We disagree. The District Court determined Is’Haq’s 1994 refusal to plead guilty (his “roll” of “the dice”) resulted in a lengthy trial, during which he falsely testified about the robberies and lied to his trial counsel. Those determinations, which pertain directly to Is’Haq’s acceptance of responsibility, are entitled to “great deference,” because the sentencing judge “is in a unique position to evaluate a defendant’s acceptance of responsibility.” U.S.S.G. § 3E1.1 app. n. 5. Additionally, the District Court determined Is’Haq had “obstructed justice,” justifying an enhancement under U.S.S.G. § 3C1.1. “Conduct resulting in an enhancement under U.S.S.G. § 3C1.1 ordinarily indicates that the defendant has not accepted responsibility for his criminal conduct.” U.S.S.G. § 3E1.1 app. n. 4. Is’Haq did not demonstrate his was an “extraordinary” case falling outside this presumption. 2 We see no error.

IV.

Is’Haq next argues the District Court incorrectly held the 1994 offer required him to plead guilty to 18 U.S.C. § 2113(d) (endangering other persons with a dangerous weapon during a bank robbery). We review for clear error. United States v. Boone, 279 F.3d 163, 177 n. 9 (3d Cir.2002). The District Court determined the plea offer was for “three bank robberies and one weapons charge.” As noted, the government offered to cap Is’Haq’s sentence at twenty-five years. Is’Haq suggests the “logical plain-sense understanding” of the plea is that “three bank robberies” referred to charges under 18 U.S.C. § 2113(a), the statutory maximum of which would be twenty years. Therefore, when added to the five-year consecutive sentence for a 18 U.S.C. § 924(c) charge, the plea offer would total twenty-five years. But in its September 2001 opinion, the District Court found the plea agreement encompassed all six robbery counts, which ultimately enhanced Is’Haq’s total offense level under U.S.S.G. § 4B1.1. 3

Is’Haq did not demonstrate the government had offered (or would offer) to dismiss the § 2113(d) counts.

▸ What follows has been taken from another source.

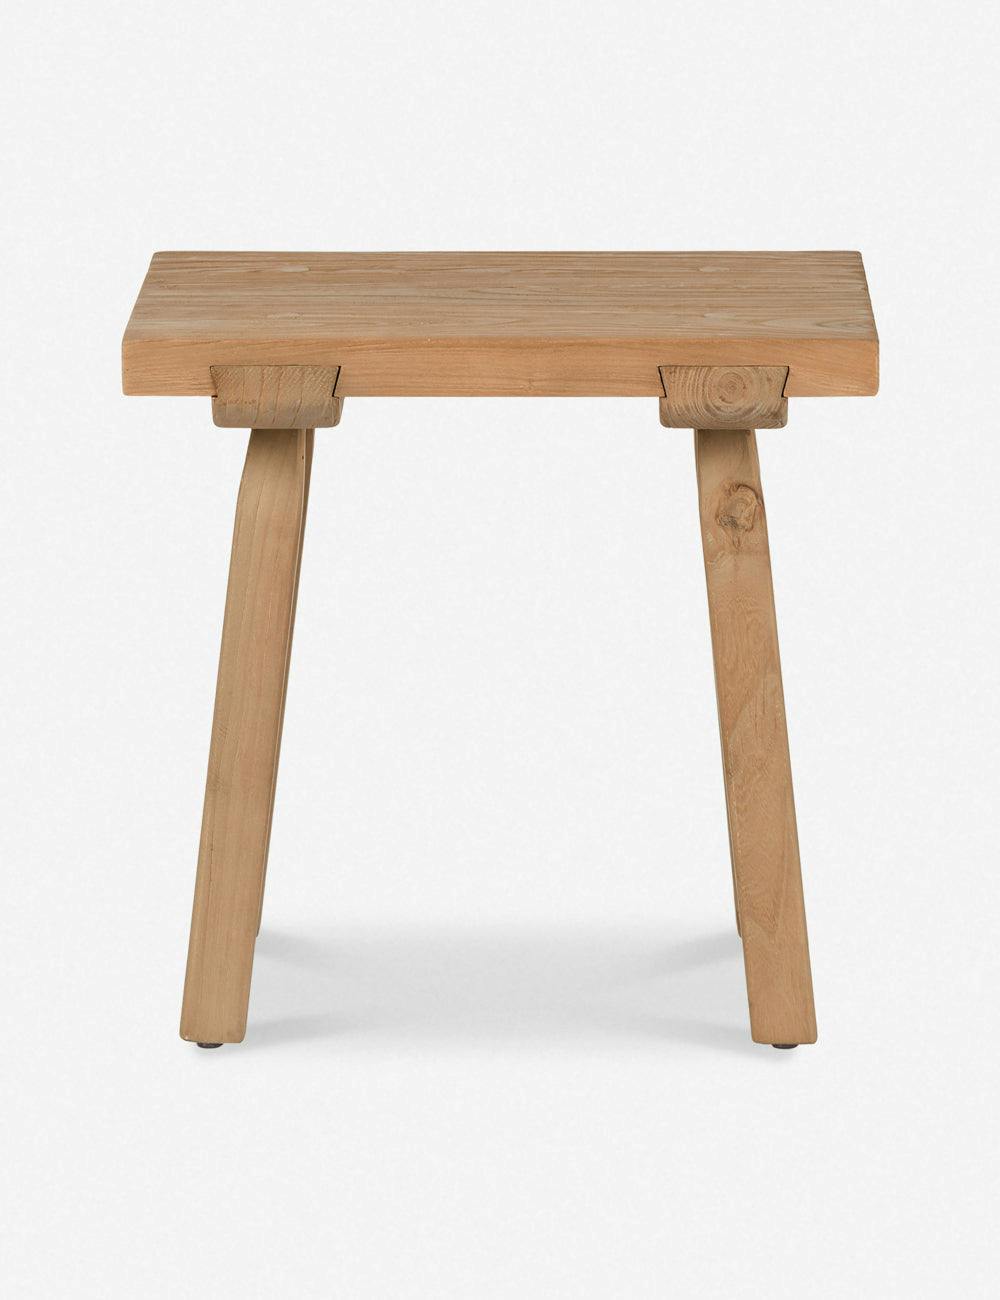 Rustic Elmwood Tapered Leg French Farmhouse Stool - Natural

When asked about his understanding of the agreement, Is’Haq testified he only thought if he “pled guilty [the government] would drop the two gun charges.” Moreover, the Assistant United States Attorney testified the government’s plea offer would have required Is’Haq to plead guilty to § 2113(d). The government and defense counsel apparently referred to counts under *593 §§ 2113(a) and (d) as “the three bank robberies.” The District Court found the reference to a twenty-year maximum sentence was “not probative of whether the plea agreement would encompass a guilty plea to the § 2113(d) charges.” That conclusion is supported by the record. We see no error.

Is’Haq contends the District Court should not have granted a two-point enhancement under U.S.S.G. § 3C1.1. We review the factual determination that Is’Haq obstructed justice for clear error. United States v. Powell, 113 F.3d 464, 467 (3d Cir.1997). We exercise plenary review over the District Court’s legal interpretation of the sentencing guidelines. Id.

Is’Haq concedes he committed perjury during his trial.